The EU's chief Brexit negotiator Michel Barnier has issued a series of passive-aggressive tweets, insisting his side has been "clear and transparent since day one".

In apparent response to the flurry of position papers being currently published by David Davis' Department for Exiting the EU (DexEU), Barnier argued that the EU27 had made its stance clear months ago.

In a series of tweets, he outlined the bloc's positions on nine key areas, including goods on the market - which was the subject of a UK position paper yesterday - and civil judiciary - which is today's topic. He also tweeted the EU's stance on citizens rights and the financial settlement, which are currently under discussion.

Barnier indicated that he was in agreement with Slovenian Prime Minister Milo Cerar, who yesterday claimed not enough progress had been made on those areas, and the Irish border question, to broaden the negotiations out to trade and other areas.

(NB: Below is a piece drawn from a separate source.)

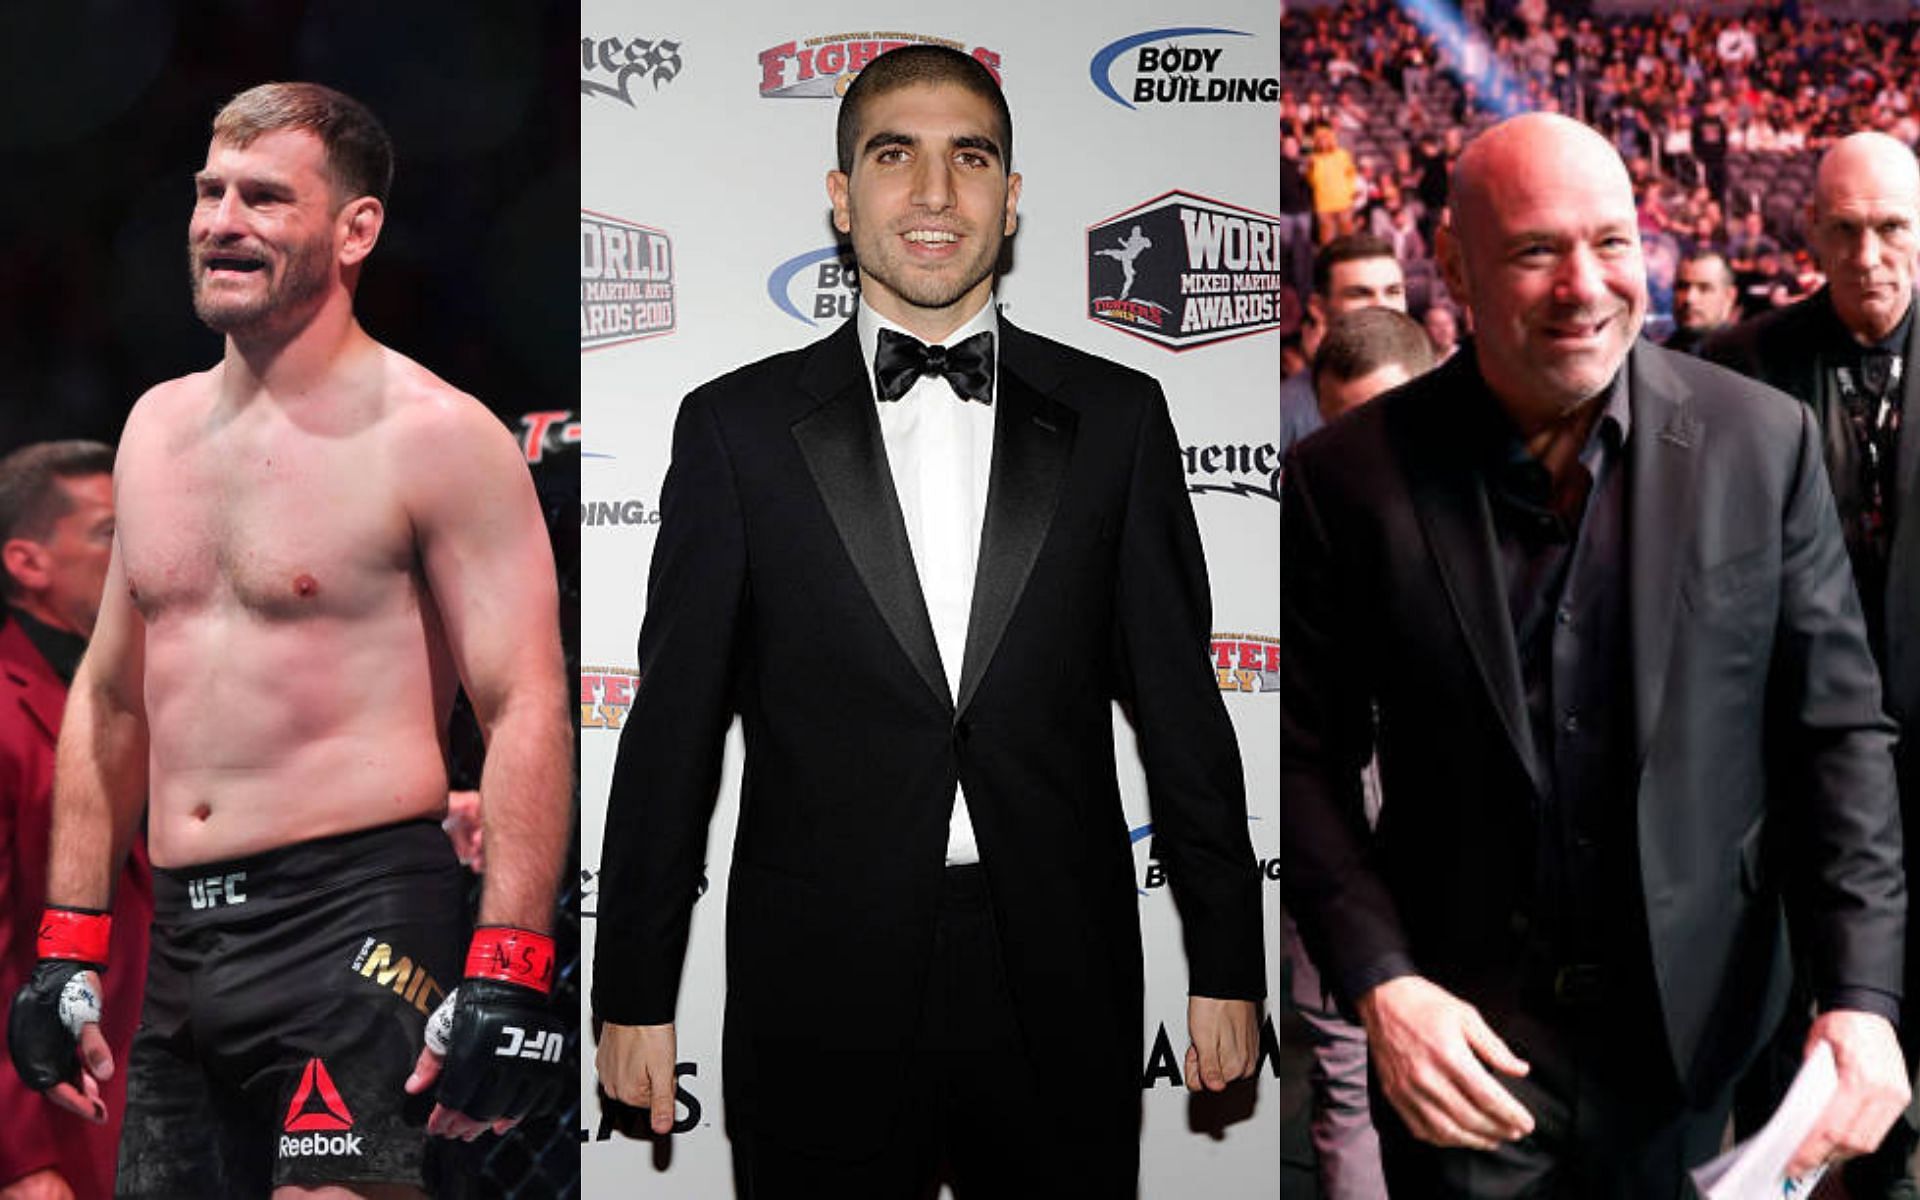 From left to right: Stipe Miocic, Ariel Helwani, and Dana White

Cerar suggested the EU Council, on which he sits, would not unanimously approve the extension of discussions by the hoped-for deadline of October, meaning it could be pushed back to December or even the beginning of 2018.

Barnier, who has not yet confirmed this, last night said it was "essential to make progress" on the first three topics.

"Looking forward to discussing these papers with #UK. Essential to make progress on #citizensrights, settling accounts and #Ireland," he tweeted.

The IoD's Allie Renison told City A.M. the next round of talks, due to take place next week, would reveal which side had more "urgency".

"It's been hard to figure out until now, because everything is so interrelated, but next week we should be able to see whether it's the commission being obstinate in refusing to talk about trade or the UK dragging its feet."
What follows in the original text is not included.